Note 9—Note Payable (continued)
Interest
At our election, loans made under the credit agreement bear interest at 1) a LIBOR rate (the “LIBOR Rate") or 2) a base rate determined by reference to the highest of (a) the Bank of America prime rate, (b) the United States federal funds rate plus 0.50% and (c) a daily rate equal to one-month LIBOR rate plus 1.0% (the “Base Rate"), plus in either case an applicable margin. The applicable margin for borrowings depends on our total leverage ratio and varies from 2.50% to 3.00% for LIBOR Rate loans and 1.50% to 2.00% for Base Rate loans. The effective interest rate on borrowings outstanding as of March 31, 2016 was 3.18%. Interest expense, excluding the amortization of debt issuance costs, related to our Senior Credit Facility was $1.1 million and $1.2 million for the three months ended March 31, 2016 and 2015, respectively.
Covenants and restrictions
The Senior Credit Facility contains customary representations and warranties relating to us and our subsidiaries.
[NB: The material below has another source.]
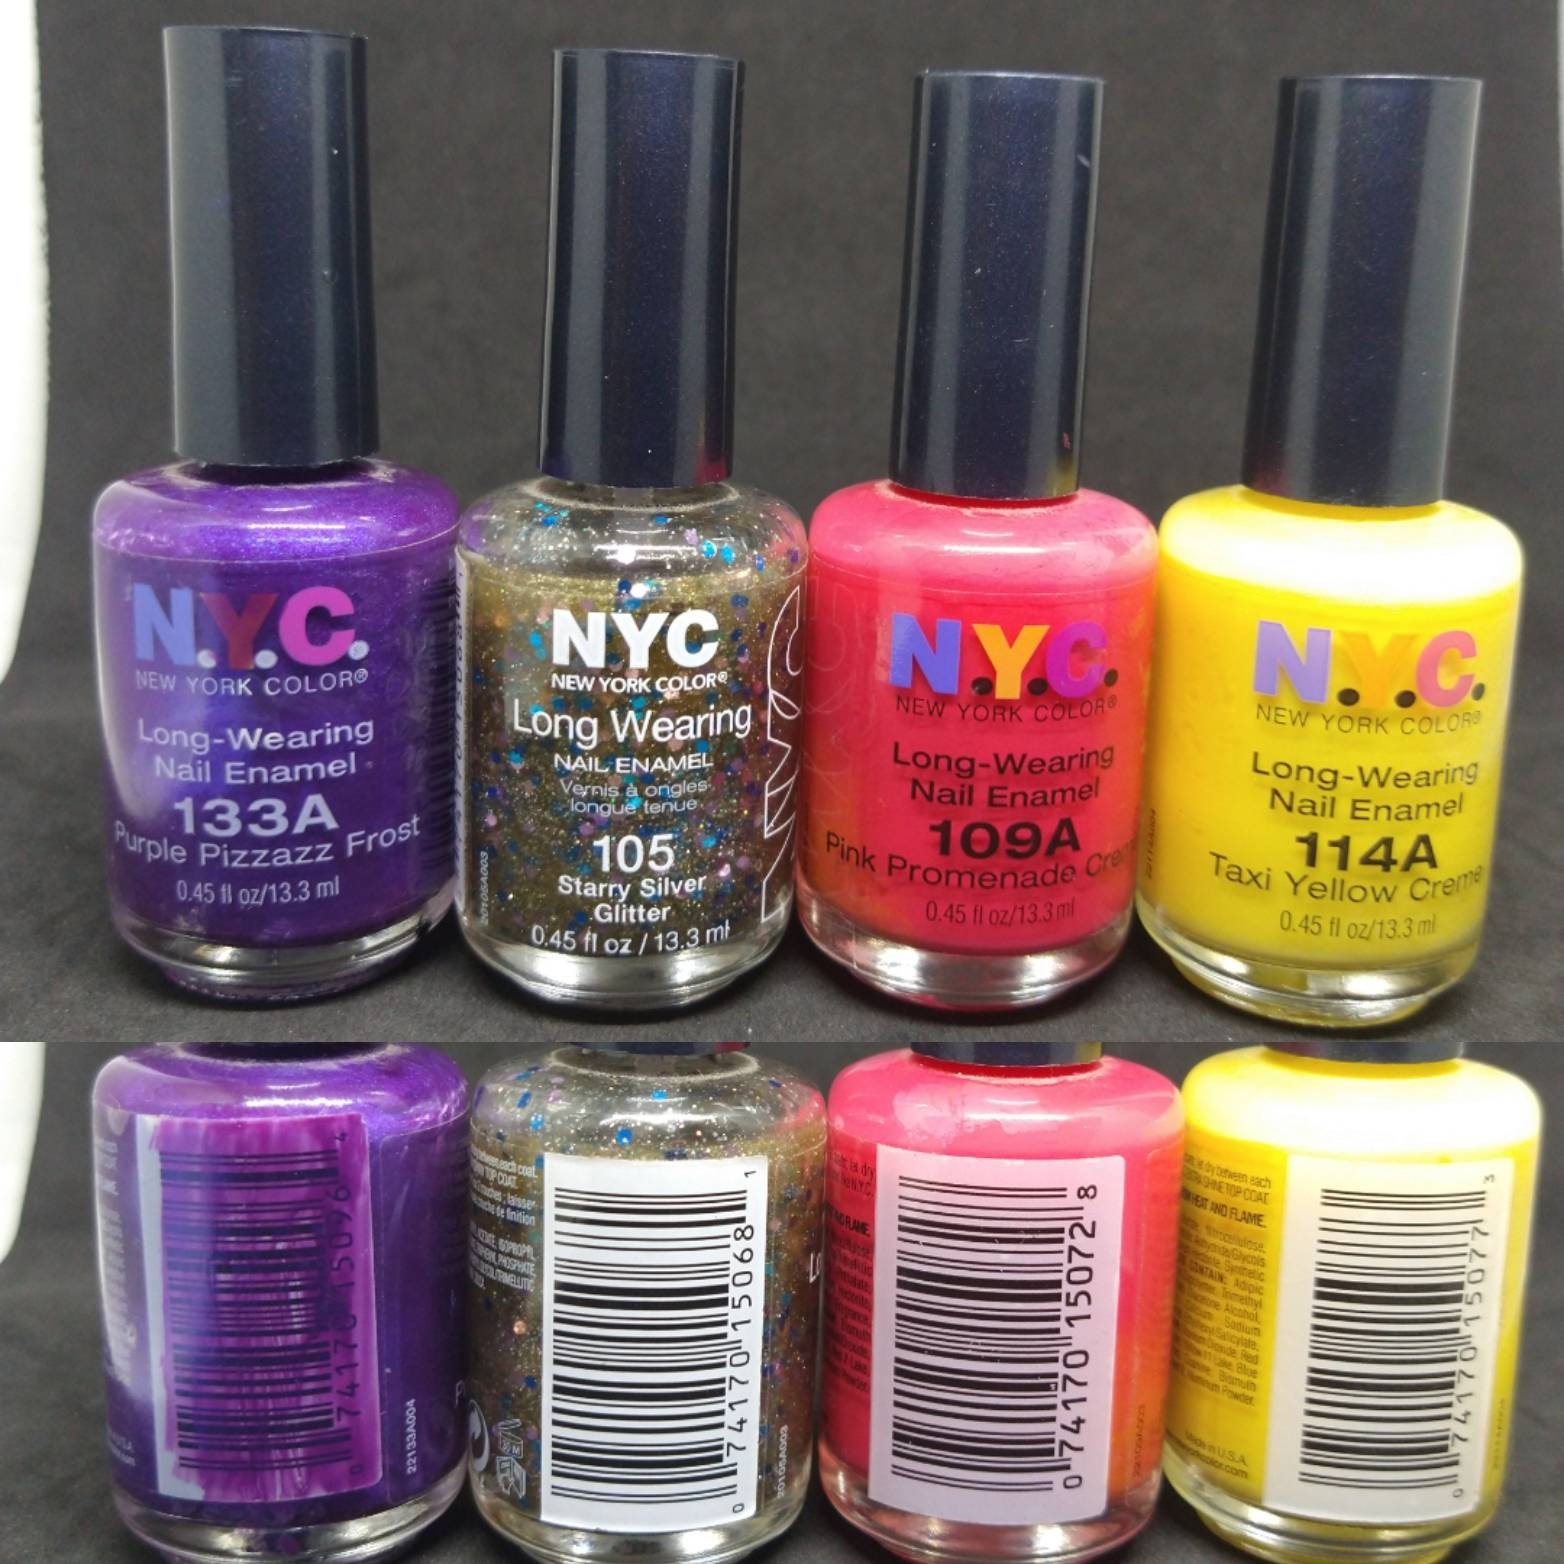 OPI Nail Polish Ingredients Review - I Read Labels For You

The Senior Credit Facility also contains certain affirmative and negative covenants including negative covenants that limit or restrict, among other things, liens, indebtedness, investments and acquisitions, mergers and fundamental changes, asset sales, restricted payments, changes in the nature of the business, transactions with affiliates and other matters customarily restricted in such agreements. We must maintain a minimum fixed charge coverage ratio and a maximum consolidated leverage ratio at the end of each fiscal quarter, as set forth in the credit agreement. At March 31, 2016, we were in compliance with all such covenants.
Note 10—Income Taxes
Income tax expense for the three months ended March 31, 2016 and 2015 differs from the amount computed by applying the statutory federal income tax rate to income before income taxes. The sources and tax effects of the differences are as follows:
 
Three Months Ended March 31,
 
2016
 
2015
U.S. federal statutory tax rate
35.0
 %
 
35.0
 %
State income taxes, net of federal tax benefit
2.9

 
2.0

General business credits
(2.6
)
 
(0.7
)
Employee stock-based compensation
0.5

 
0.7

Other
1.0

 
1.0

Effective tax rate
36.8
 %
 
38.0
 %
The effective tax rate for the three months ended March 31, 2016 and 2015 differs from the statutory federal income tax rate of 35% primarily due to state income taxes, net of federal tax benefit, general business credits and non-deductible employee stock-based compensation. The decrease in the effective tax rate for the three months ended March 31, 2016 as compared to the three months ended March 31, 2015 is primarily due to a benefit that we recognized in the first quarter of 2016 related to the permanent reinstatement of general business credits.
We establish a valuation allowance when we consider it more-likely-than-not that some portion or all of the deferred tax assets will not be realized. As of March 31, 2016 and 2015, we did not have a valuation allowance on any of our deferred tax assets as we believed it was more-likely-than-not that we would realize the benefits of our deferred tax assets.
We are subject to examination by the Internal Revenue Service, or IRS, and various state tax authorities. Our consolidated federal income tax returns for the five-months ended December 31, 2009 and the years ended December 31, 2010, 2011 and 2012 are currently under examination by the IRS. We remain subject to examination of our federal income tax return for the years ended December 31, 2013 and 2014. We generally remain subject to examination of our various state income tax returns for a period of four to five years from the respective dates the returns were filed.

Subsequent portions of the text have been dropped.